START Data excerpt
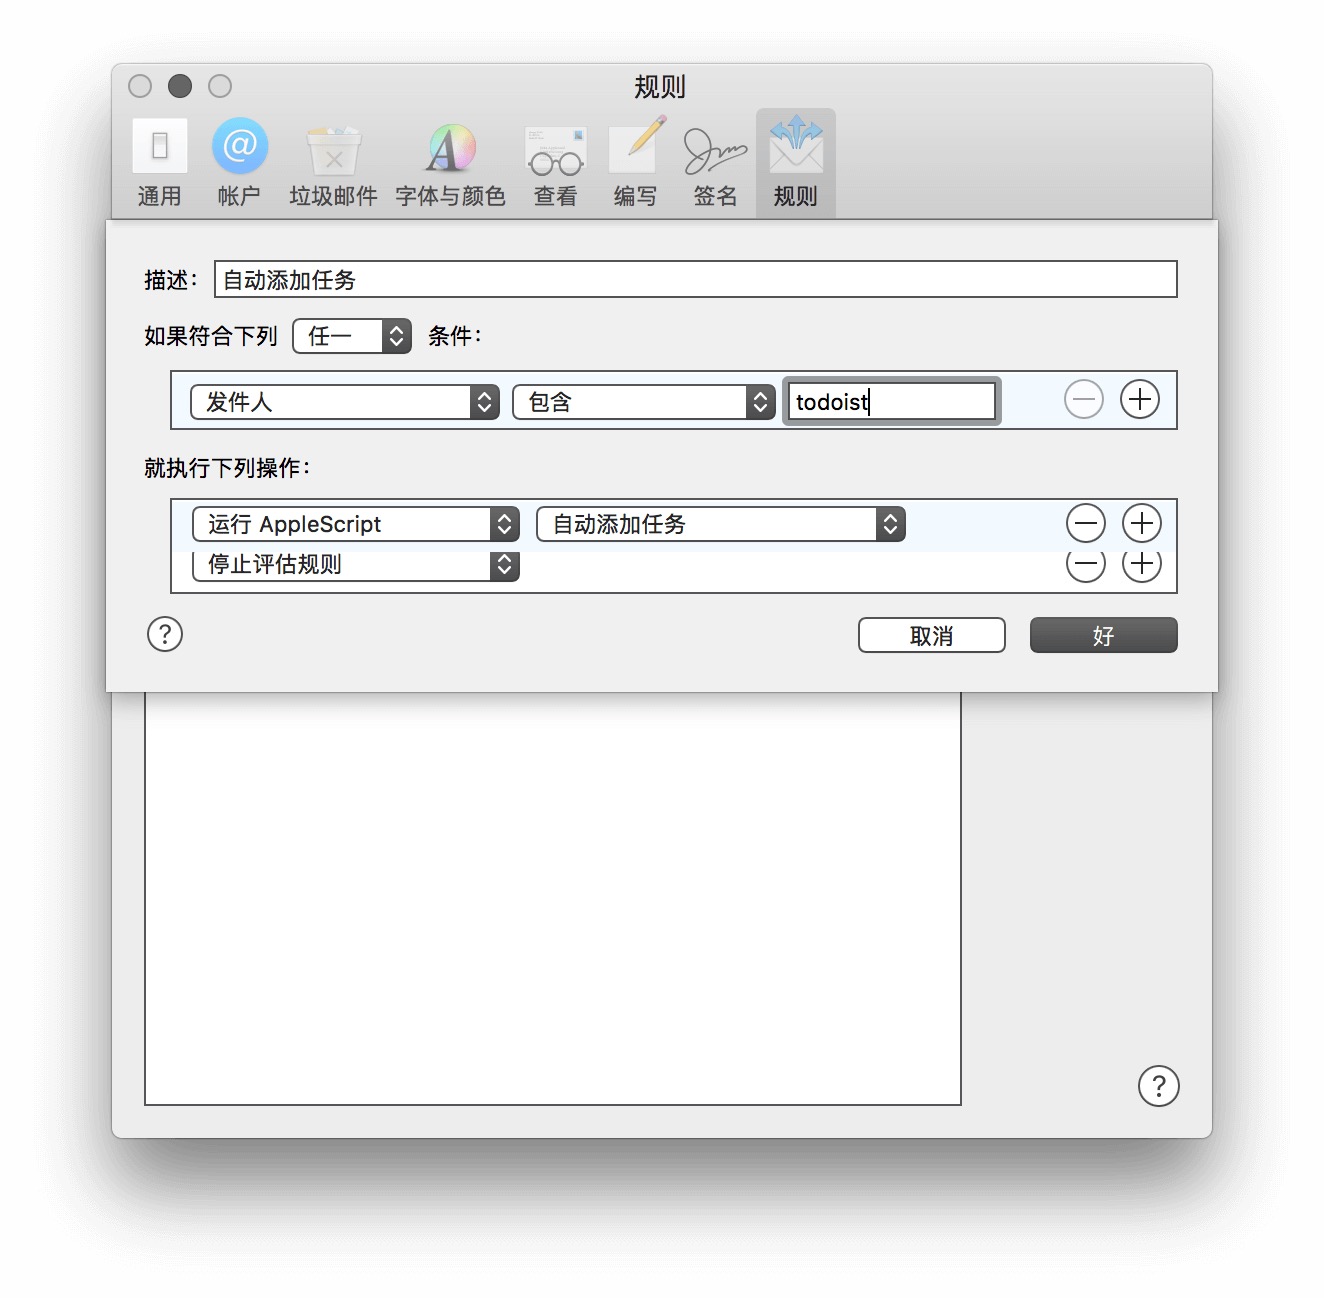 被邮件淹没的你，可以用 Mac 原生邮箱的规则进行半自动处理
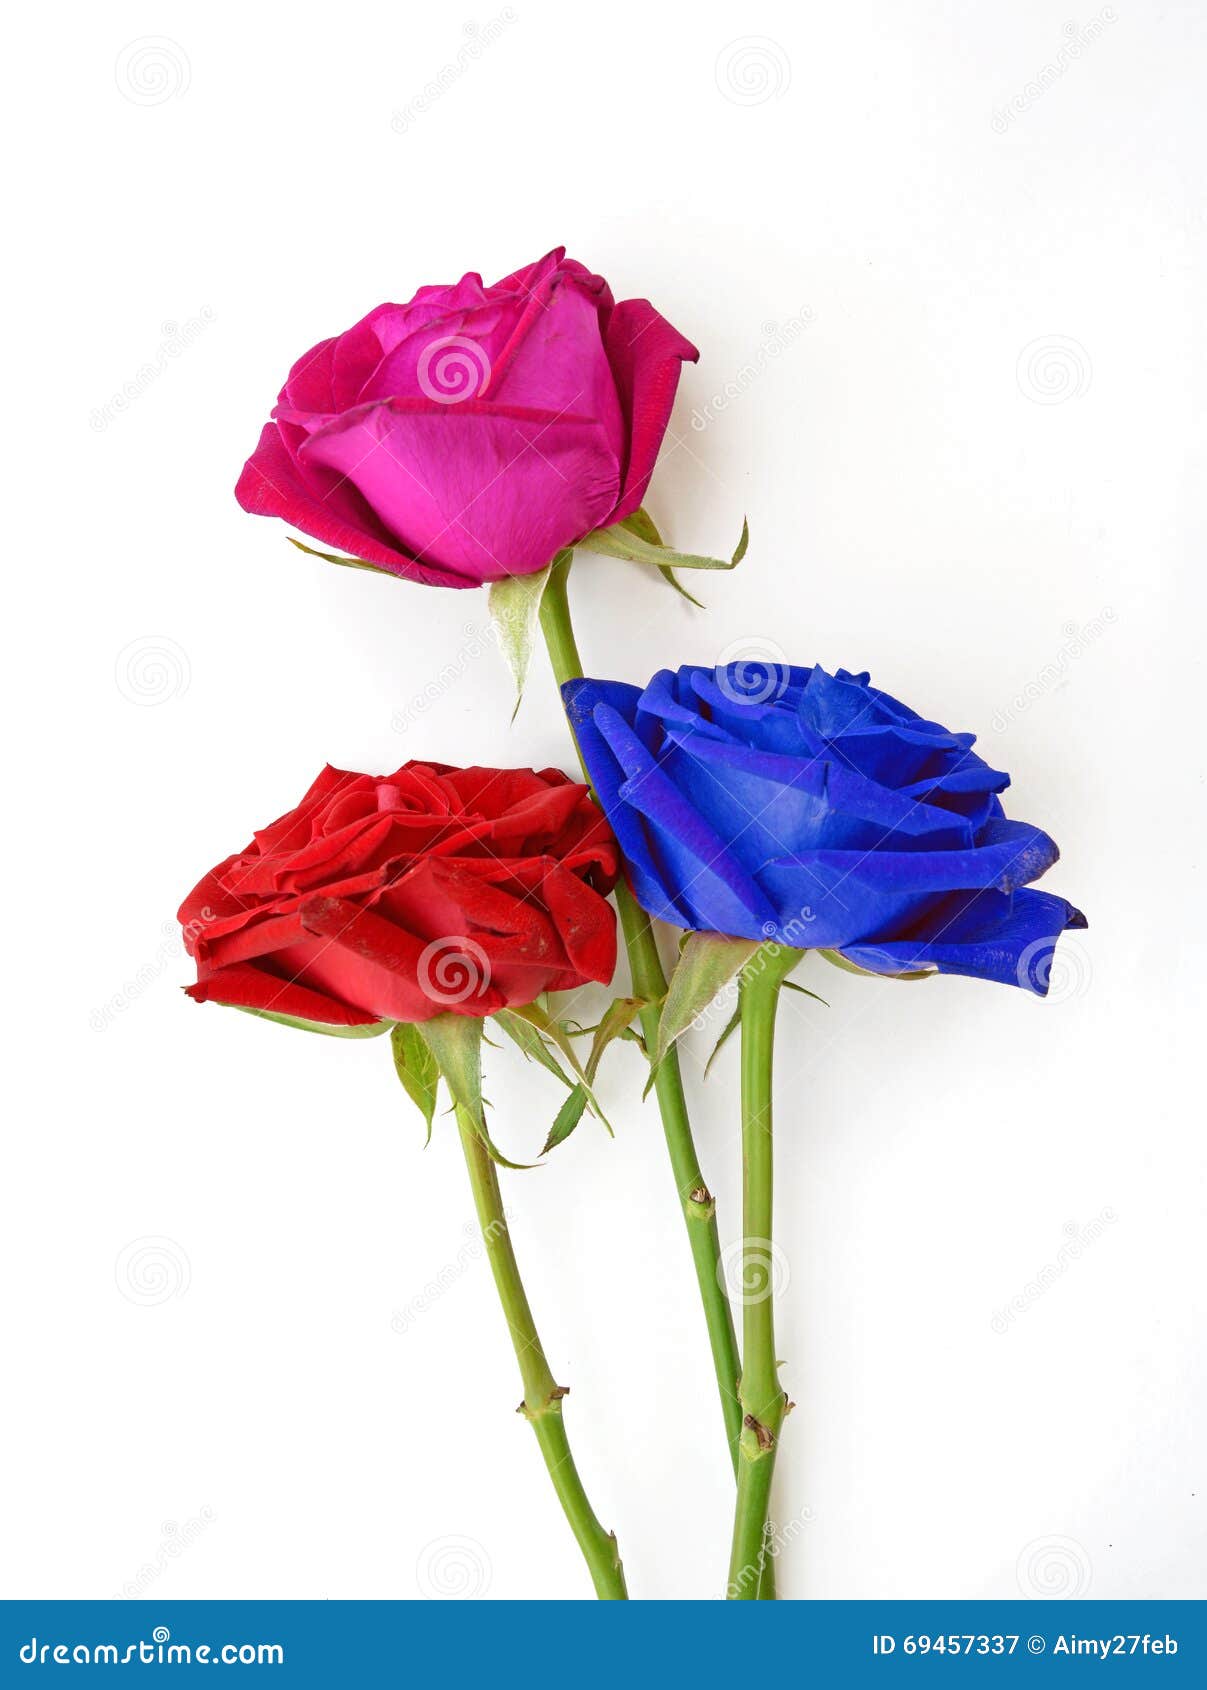 450 Rosas Rojas Y Azules Fotos de stock - Fotos libres de regalías de  Dreamstime
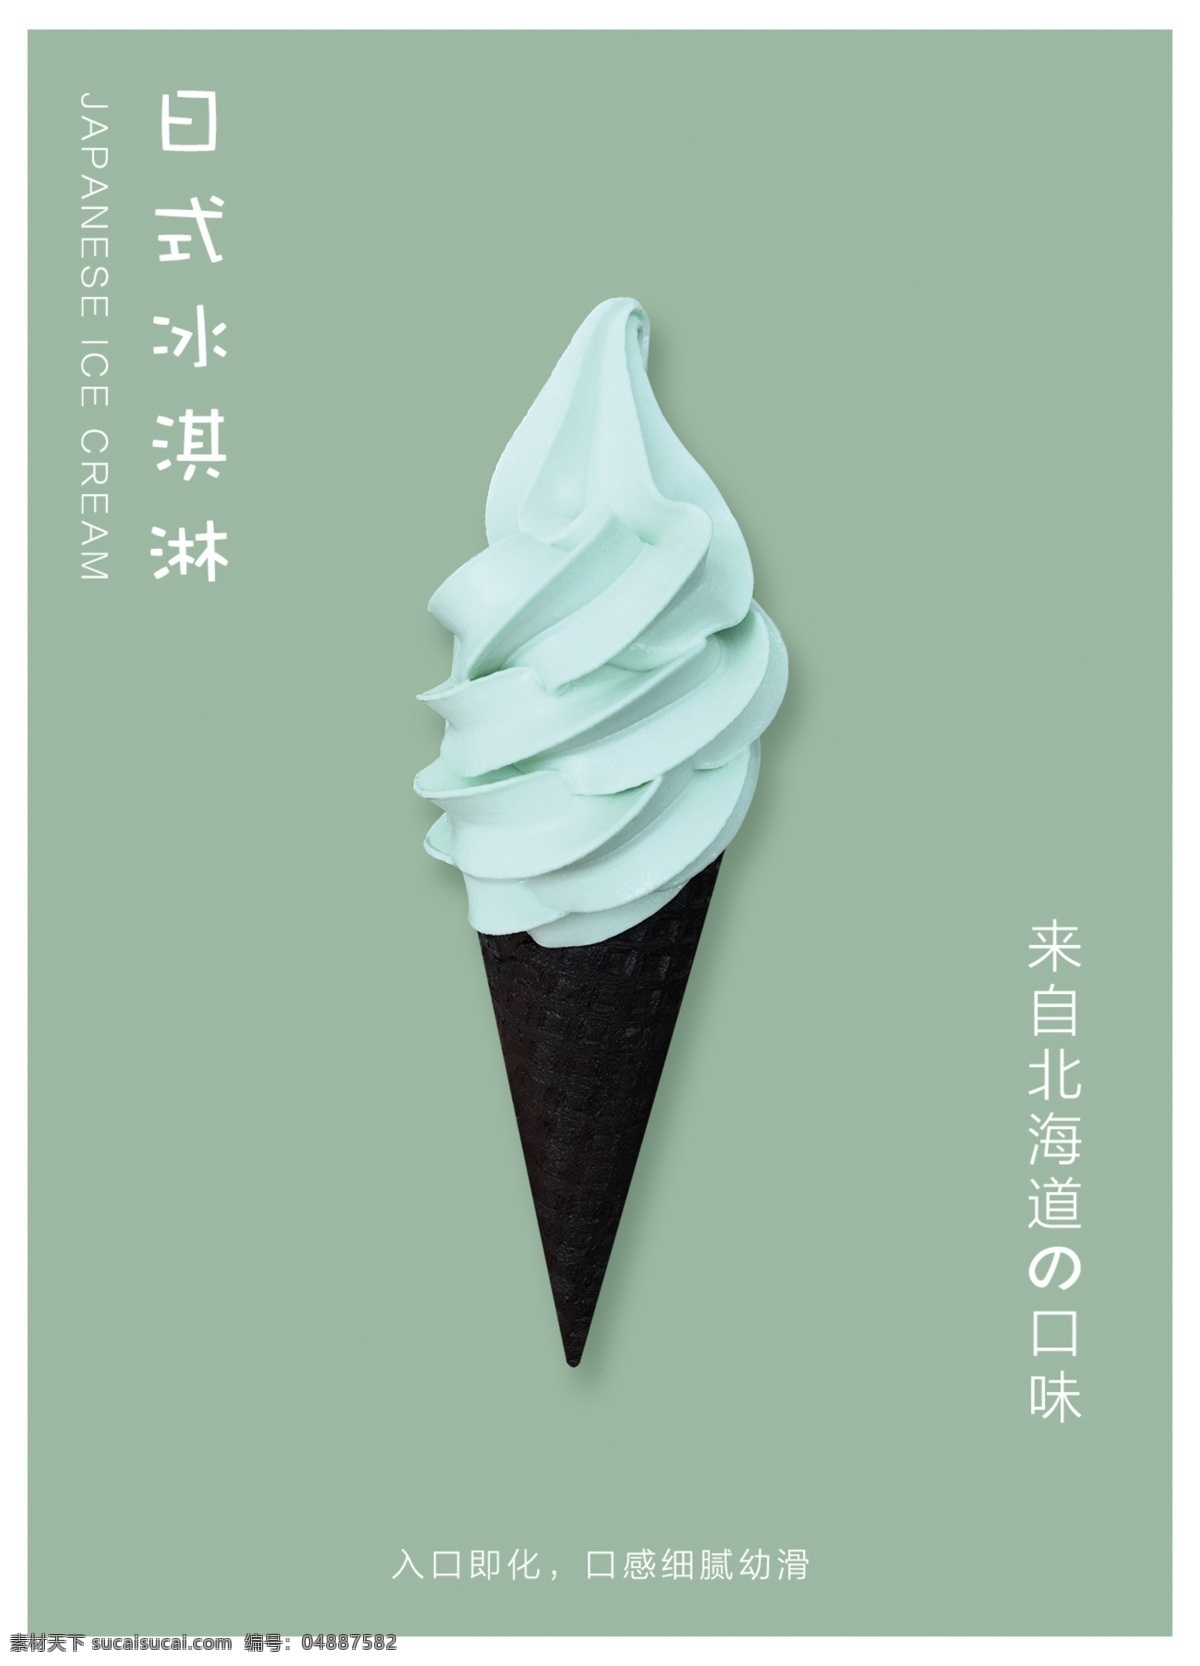 绿色 日式 小 清新 夏日 冰淇淋 美食 产品 日式小清新 绿色海报 夏日风格 美食产品 简约大气
END Data excerpt
What the task asks => Your copy should start at the line with "450 Rosas Rojas", stop at the last line of the listing above, match exactly, and contain no pictures.

Expected output =>
 450 Rosas Rojas Y Azules Fotos de stock - Fotos libres de regalías de  Dreamstime
 绿色 日式 小 清新 夏日 冰淇淋 美食 产品 日式小清新 绿色海报 夏日风格 美食产品 简约大气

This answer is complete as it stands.